# New smitty sled



## cueman (May 28, 2019)

Finally going to get to try out the smitty sled I built, in the morning, thanks to all the information I gathered, from all of the great members of OGF! I'll post some fish porn, if I have any luck. 😎👉🎣👈 good luck to anyone going out tomorrow!


----------



## Smitty82 (Mar 13, 2011)

Sweet rig!
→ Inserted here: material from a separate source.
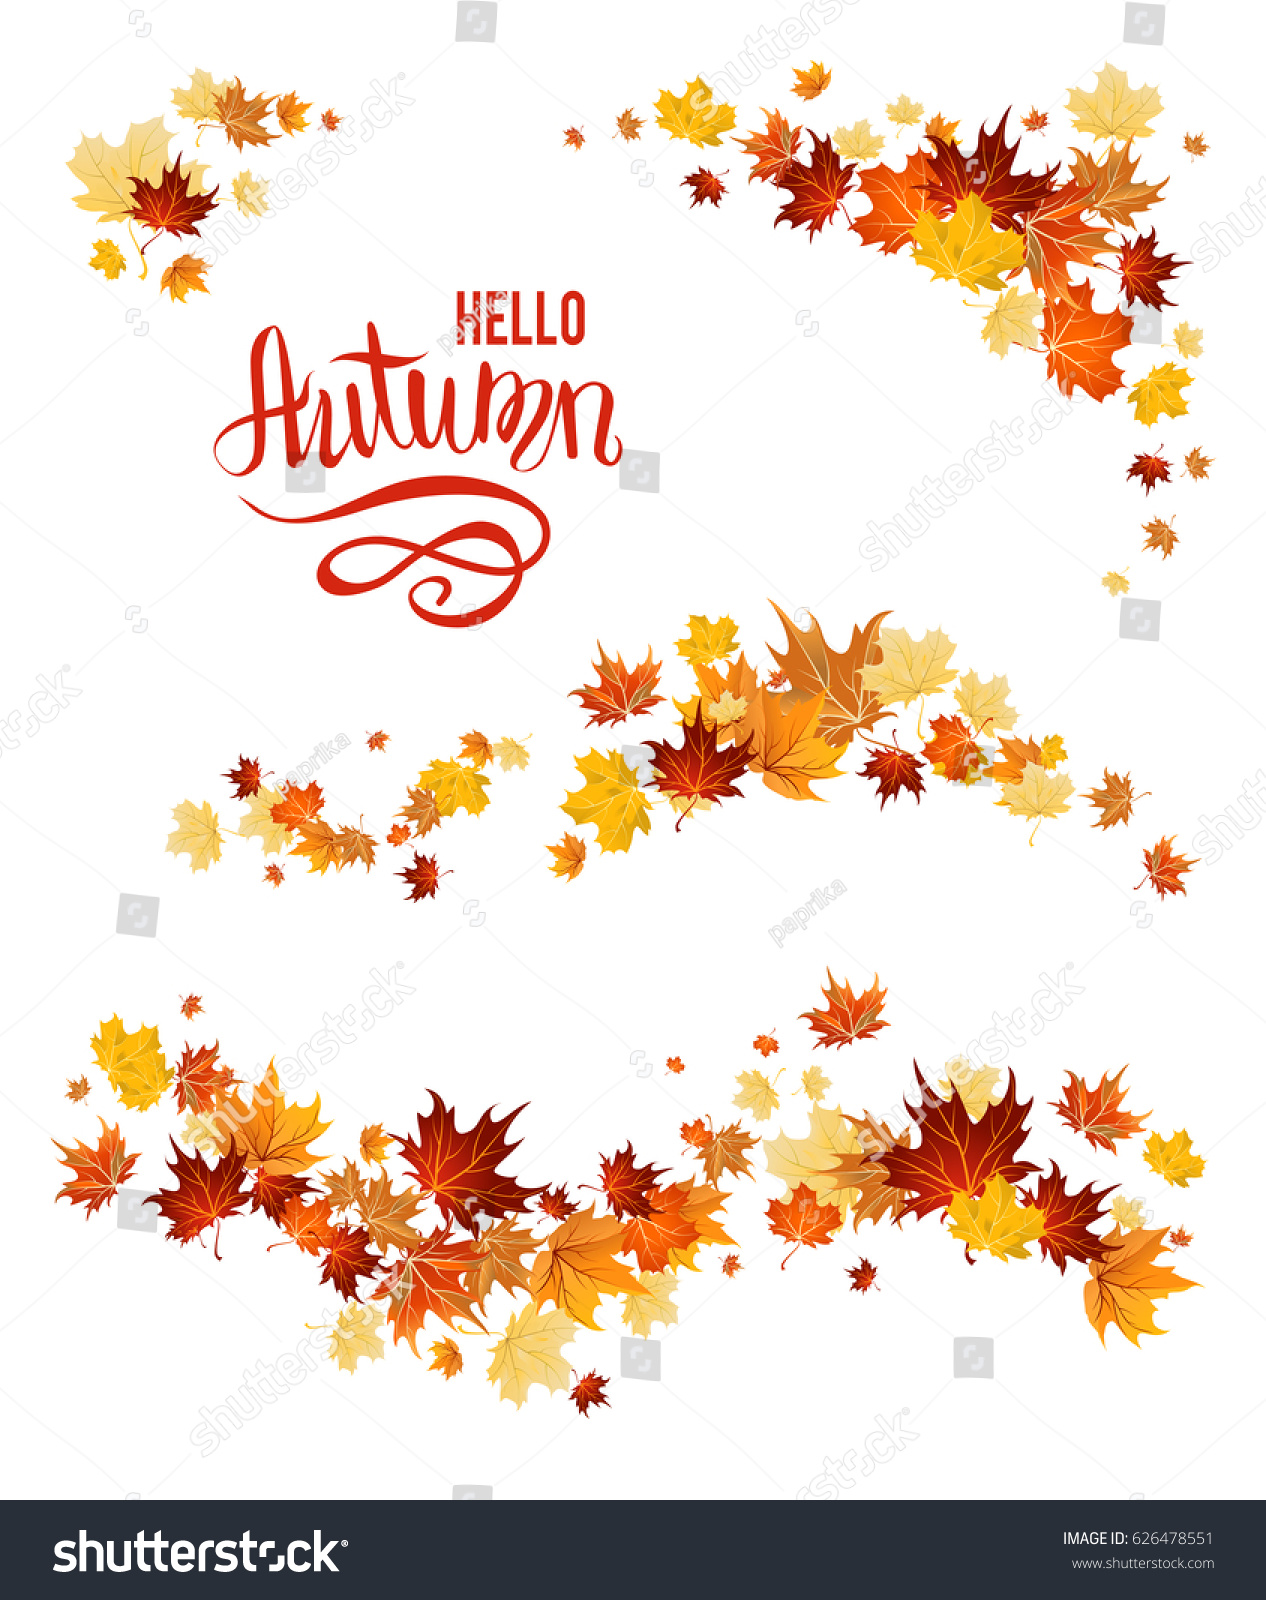 Autumn leaves design elements. Maple fall leaves set.

Jet sleds are a great piece of multi purpose outdoor equipment to fit many needs.


----------



## HappySnag (Dec 20, 2007)

cueman said:


> View attachment 482073
> Finally going to get to try out the smitty sled I built, in the morning, thanks to all the information I gathered, from all of the great members of OGF! I'll post some fish porn, if I have any luck. 😎👉🎣👈 good luck to anyone going out tomorrow!


look good.
if the ice is ruf you loose lot of equipment while it bounce.
to prevent that
put eye bolt to cross braze on all 4.
dril the sled from top 1/.4" every 12"and pul 1/4" nylon rope tru that.it is like rope railing,fot tying down everything to that.


----------



## cueman (May 28, 2019)

HappySnag said:


> look good.
> if the ice is ruf you loose lot of equipment while it bounce.
> to prevent that
> put eye bolt to cross braze on all 4.
> dril the sled from top 1/.4" every 12"and pul 1/4" nylon rope tru that.it is like rope railing,fot tying down everything to that.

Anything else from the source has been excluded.